27 Nis 2009

With Three deal, is Skype killing voice revenues for carriers? Not yet

With Three deal, is Skype killing voice revenues for carriers? Not yet

by Ingrid Lunden and Matt Marshall

Late last week, the Internet phone service Skype announced that the UK carrier Three UK had become the first 3G carrier to embrace Skype and offer it freely without restriction.

You may ask: Who in their right mind will continue to use their regular carrier voice service when they can make free Skype-to-Skype calls, or free IM via Skype?

Good question. This is a big development because the Ebay-owned Skype has so far been shunned by most other carriers — for example, it has been restricted by AT&T, and banned by T-Mobile. The Three UK has naturally begs the question whether this is a watershed moment, the beginning of the end for carriers’ ability to make money from voice services.

Well, not really.

Three UK — which is actually a distant fourth operator in the country with around 3 million customers — clearly hopes the offer will drive more users to its network. However, the deal may end up losing Three more revenue in the longer term, says Steven Hartley, a senior analyst with Ovum in London.

Starting in May, the service will run on either a Three network phone, or for that matter, any unlocked 3G device. Three says the “bulk” of these phone models will be supported. It will offer a pre-paid Three SIM card for £1.99. Once the SIM card is installed in the phone, the user will get a free text offering a download for the Skype client appropriate for the device.

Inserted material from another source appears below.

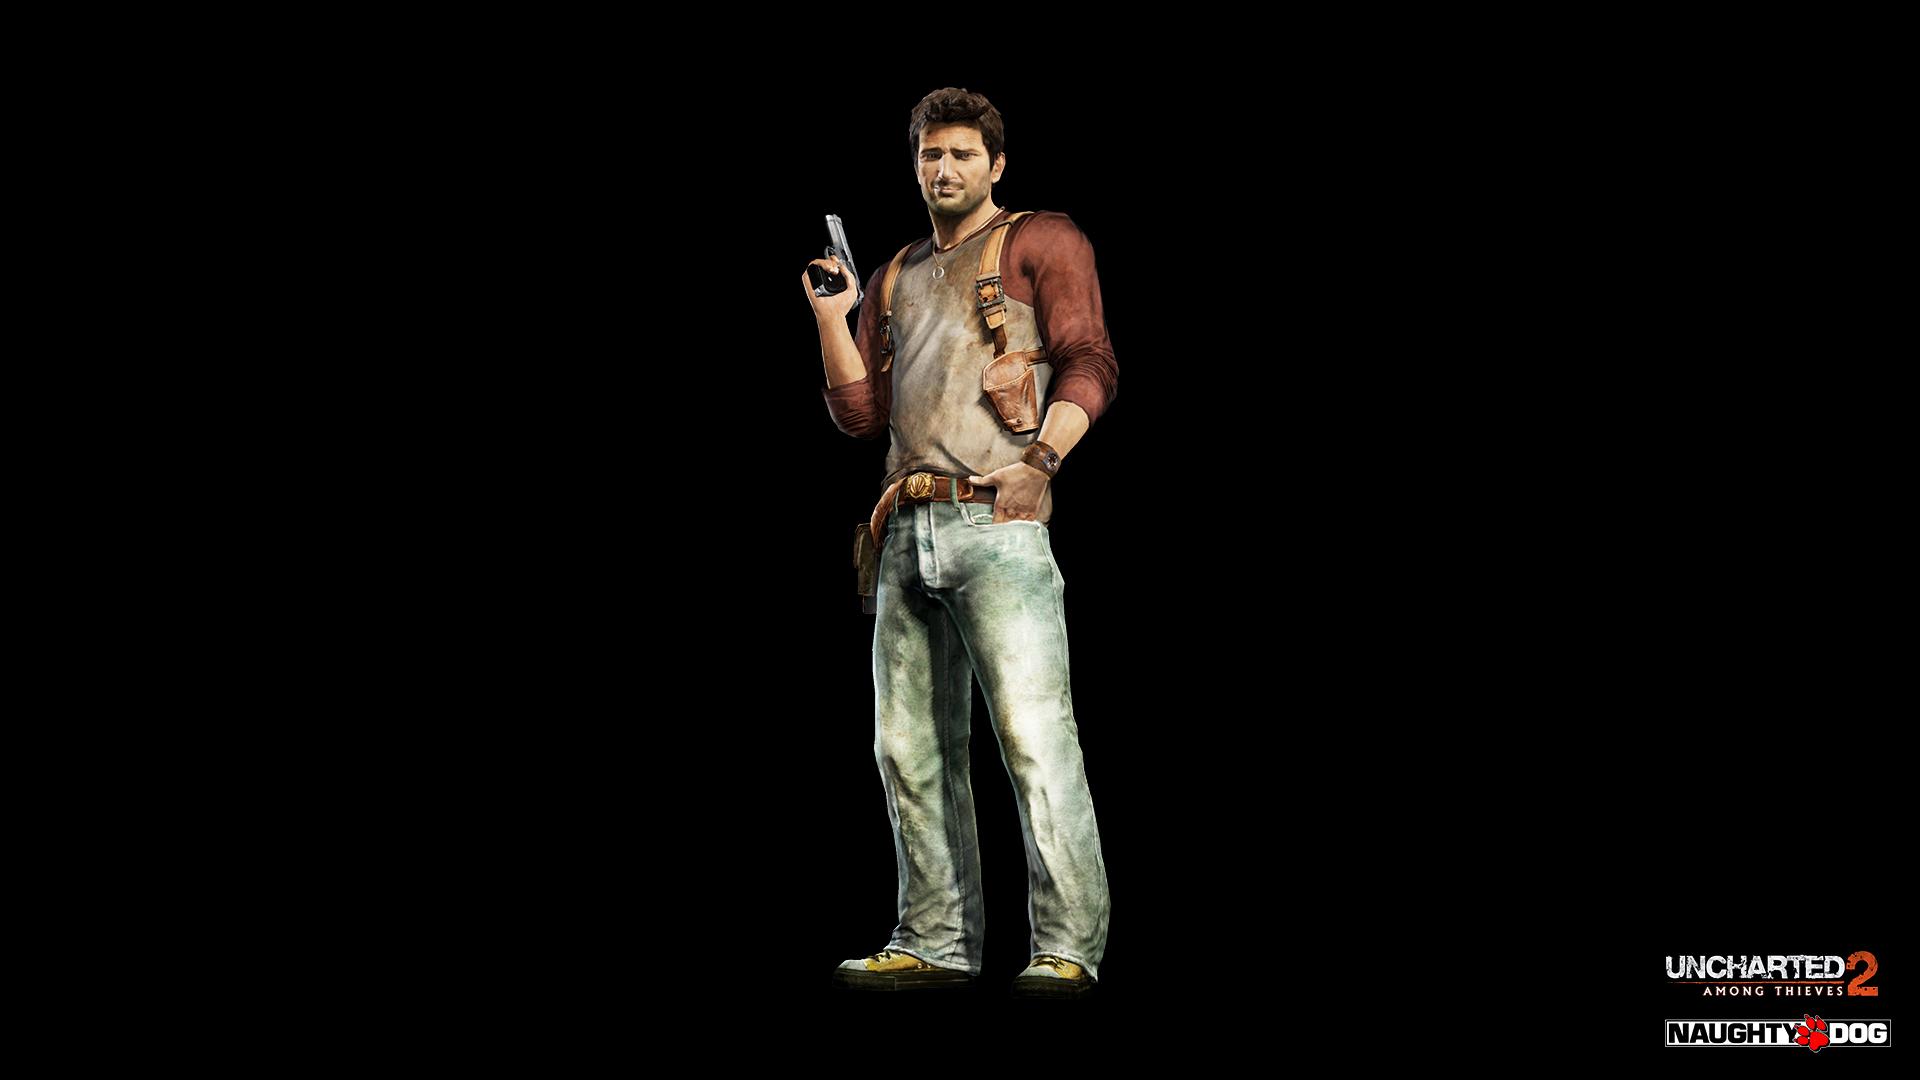 Uncharted 2 recibe una nueva expansión para el modo multijugador.

“Three is caught in something of no-win situation in the UK,” Hartley writes in a research note. “If this gambit succeeds, then Three will have disrupted the market, but only in as far as forcing the other operators to respond. As [the other operators] are far larger and have far deeper pockets, the likelihood is that Three will come off worst in the long-term. And if it fails, Three can only try something even more desperate to attract customers.”
Keep in mind that the number of calls that are valid in this free scheme is pretty limited. If you want to make video calls or Skype-out domestic or international calls, you have to pay.

Because there is nothing in the way of details on the financial deal between Skype, Three and other partners in the ecosystem — such as iSkoot, which is apparently is helping provide the service — it’s unclear how much of a hit Three and Skype are willing to take by offering free Skype-to-Skype calls for the sake of growing their user bases.

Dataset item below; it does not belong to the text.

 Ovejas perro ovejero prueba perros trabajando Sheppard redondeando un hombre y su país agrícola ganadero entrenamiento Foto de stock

Three claims that Skype pre-pay users give the operator 20 percent higher margins than ordinary pre-pay users; and that it is driving user uptake, with 79 percent of all of Three’s Skype users new to the network. (The higher margins may well come down to the ue of iSkoot, which routes Skype on to the voice circuit-switch rather than the more expensive data network. This, argues the company, makes the service less of a data cannibalizer than operators traditionally fear VoIP to be.)
Three projects it will carry a billion Skype voice minutes in 2009 — or only 1 percent of Skype’s traffic currently.

Skype says that its iPhone/iPod Touch app was downloaded 2.5 million times in the first 14 days it was available. That meant that in less than a month it was downloaded enough times to penetrate into 10 percent of the entire iPhone/iPod market.